# thermostat for heating mat



## needheat (Aug 4, 2008)

I have 3 lcd thermostats (timeguard tpt44) for my heating mats. I haven't got a clue how to work them. I've read the instructions which appear to be double dutch. I even rang the manufacturer's technical department. I got the distinct impression that they also didn't know how to use the devices.

After randomly switching all the buttons and countless resettings, I have managed to get some heat from one of the mats but negligible and it just goes off an on when ever it feels like it. Can anyone tell me how these things works?

If like me, you think they are rubbish, can you recommend a simple and cost effective alternative thermostat which I can program to come on automatically at different times of the day?

Thanks


----------



## SABL (Jul 4, 2008)

Who did the installation of the mats and thermostats? The installer should be able to help.

I did find this link:
http://www.timeguard.com/pdf/instructions/tpt44.pdf


----------



## needheat (Aug 4, 2008)

SABL said:


> Who did the installation of the mats and thermostats? The installer should be able to help.
> 
> I did find this link:
> http://www.timeguard.com/pdf/instructions/tpt44.pdf


After I bought the flat, I contacted the previous owner who developed the property. They didn't want to offer me any assistance whatsoever. 

I had already downloaded the manual for the timeguard thermostats but it simply doesn't make sense. When I rang timeguard, their own technical department appeared not to understand the manual either.

I'm just wondering if I should just removed the timeguard themostats for another brand. Can you recommend anything cost effective and easy to use (emphasise being on easy to use)?

Thanks


----------



## SABL (Jul 4, 2008)

I don't quite Know what will be the easiest or the most economical. The cost of new thermostats and installation might outweigh the cost of having a heating/cooling tech stop by and give hands-on advice. 

It's a shame that people want to sell you something but don't want to provide follow-up service.

Hope it works out and keep us posted.
SABL


----------



## needheat (Aug 4, 2008)

I have managed to dig up some information about the floor mats from which I get very little heat. 

They are 1600 watt and 1.5m2, but I don't yet know who makes them. 

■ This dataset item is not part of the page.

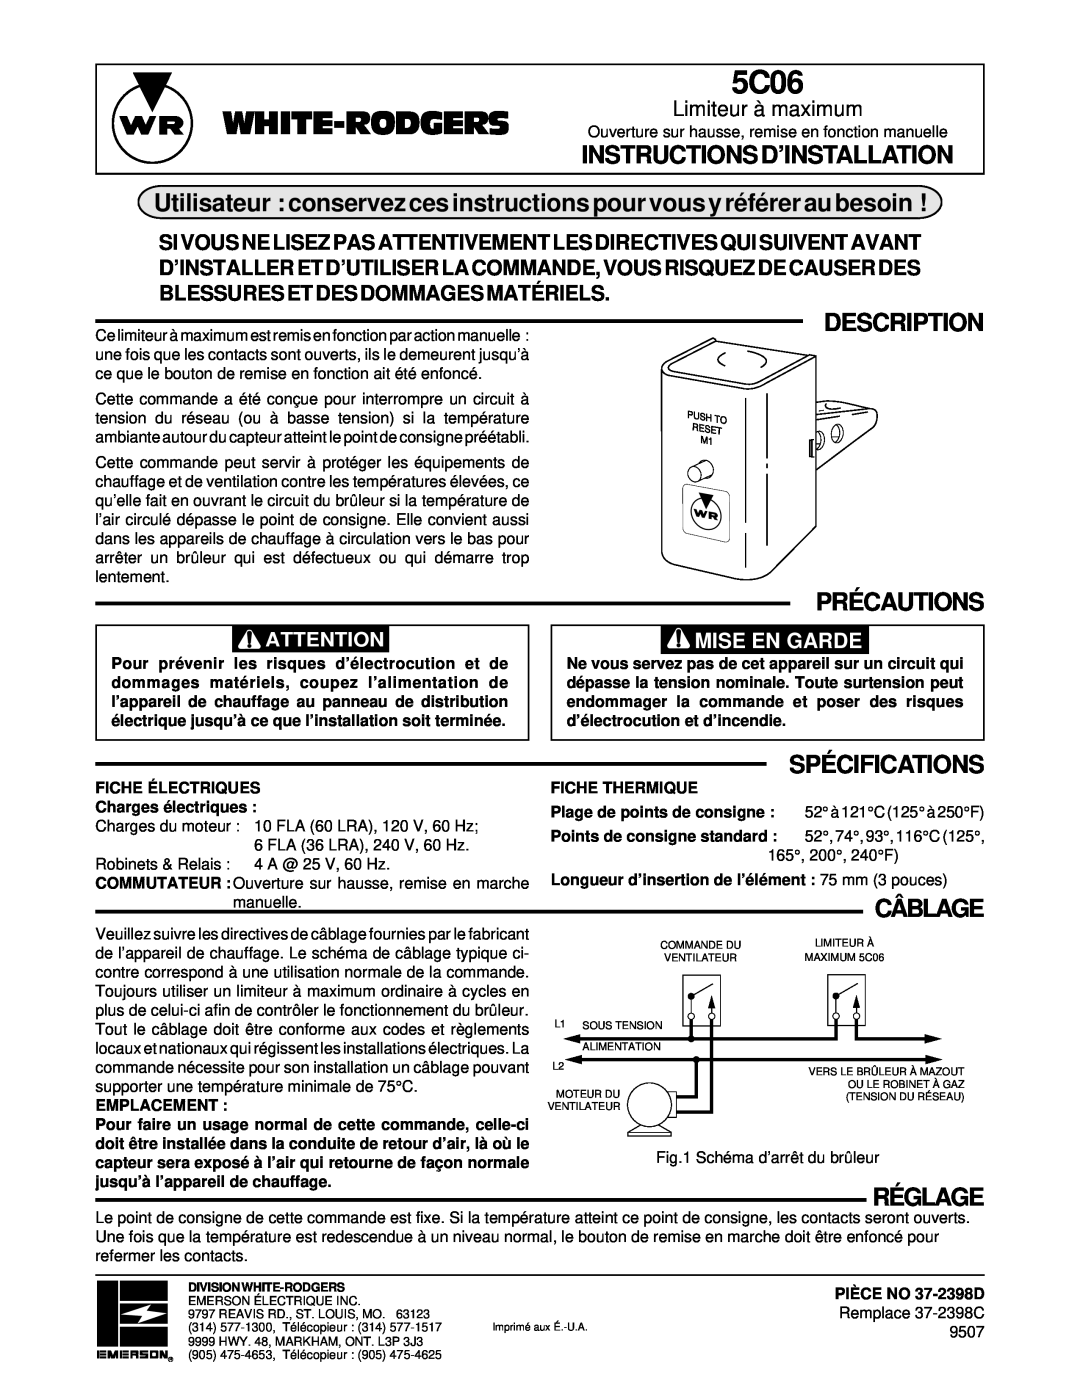 Emerson 5C06 Instructionsd’Installation, Utilisateur conservez ces instructions pour vous y référer au besoin, Description 
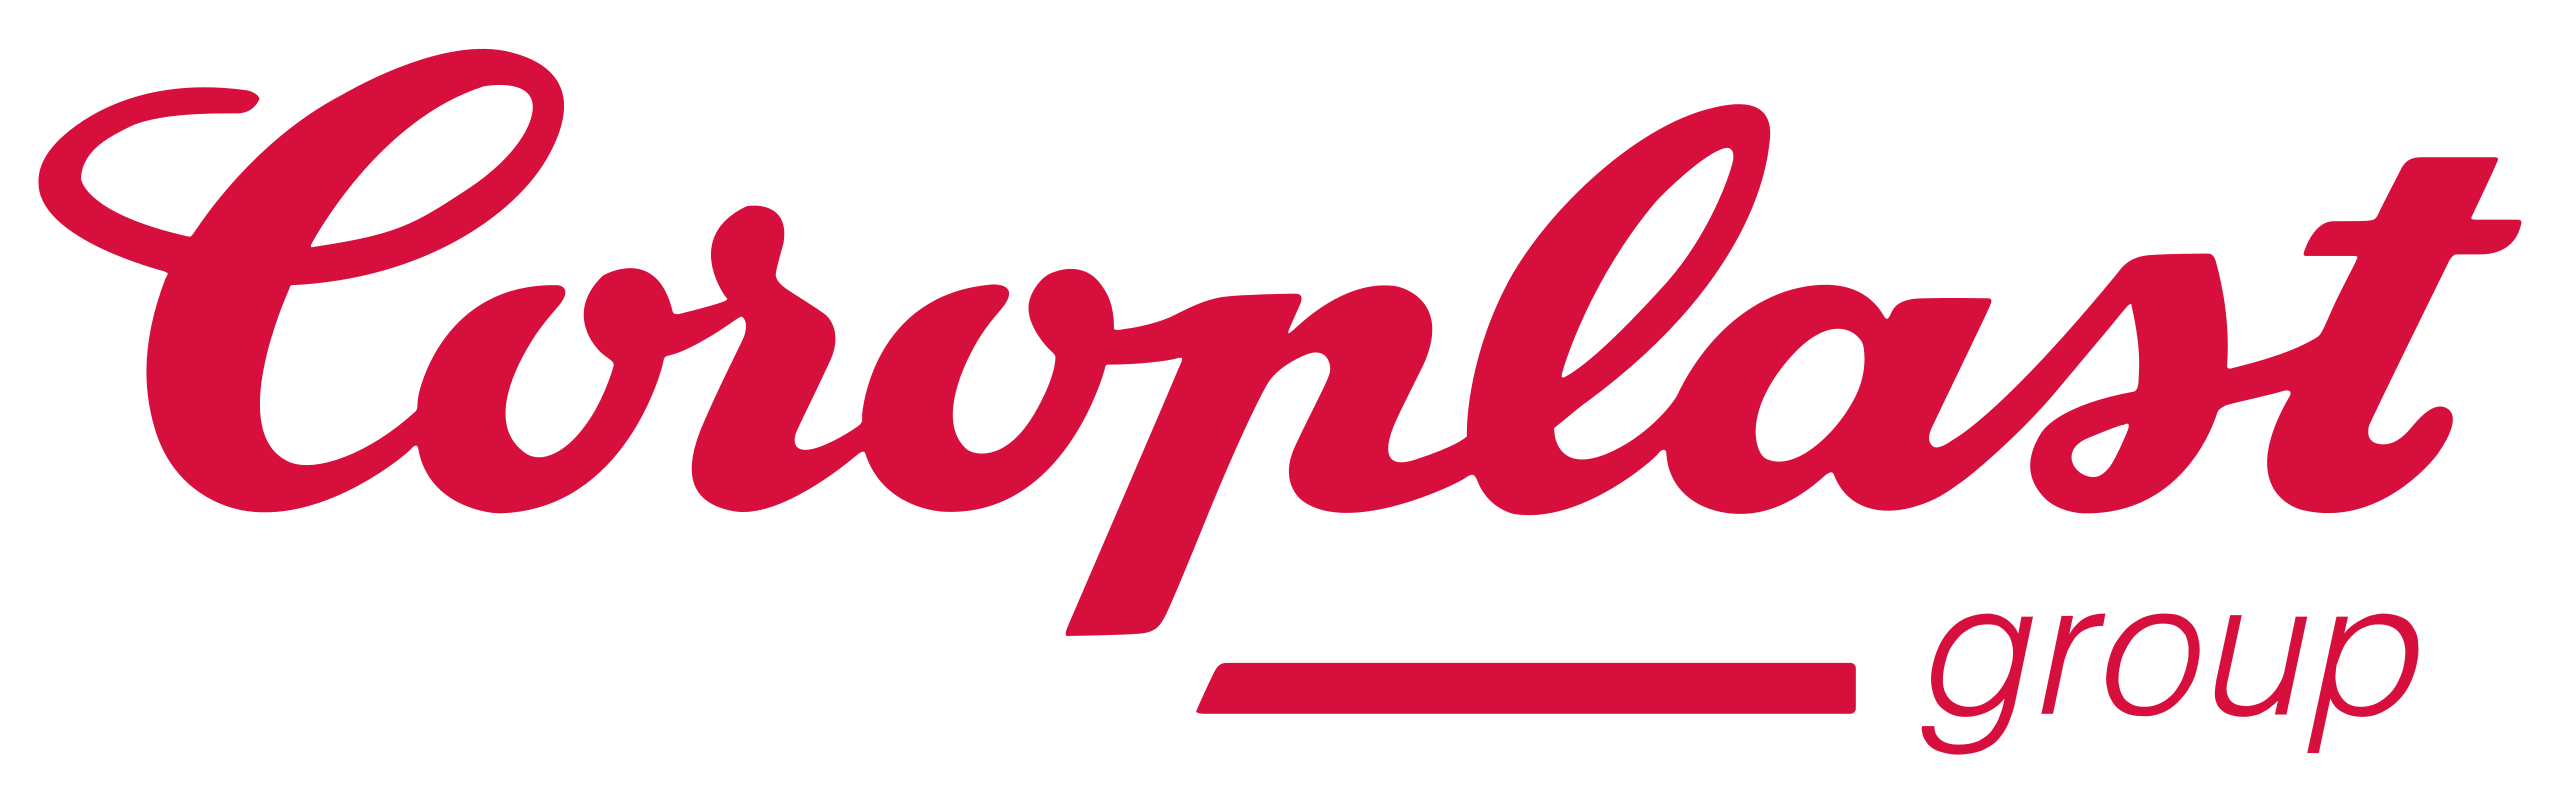 Логотип Coroplast

I wonder if the Timeguard thermostats that were installed by the developers are unsuitable for the mats. Is there a universal thermostat available for all heating mats. Can you or anyone recommend a make that is okay to use?

===================




SABL said:


> I don't quite Know what will be the easiest or the most economical. The cost of new thermostats and installation might outweigh the cost of having a heating/cooling tech stop by and give hands-on advice.
> 
> It's a shame that people want to sell you something but don't want to provide follow-up service.
> 
> ...


----------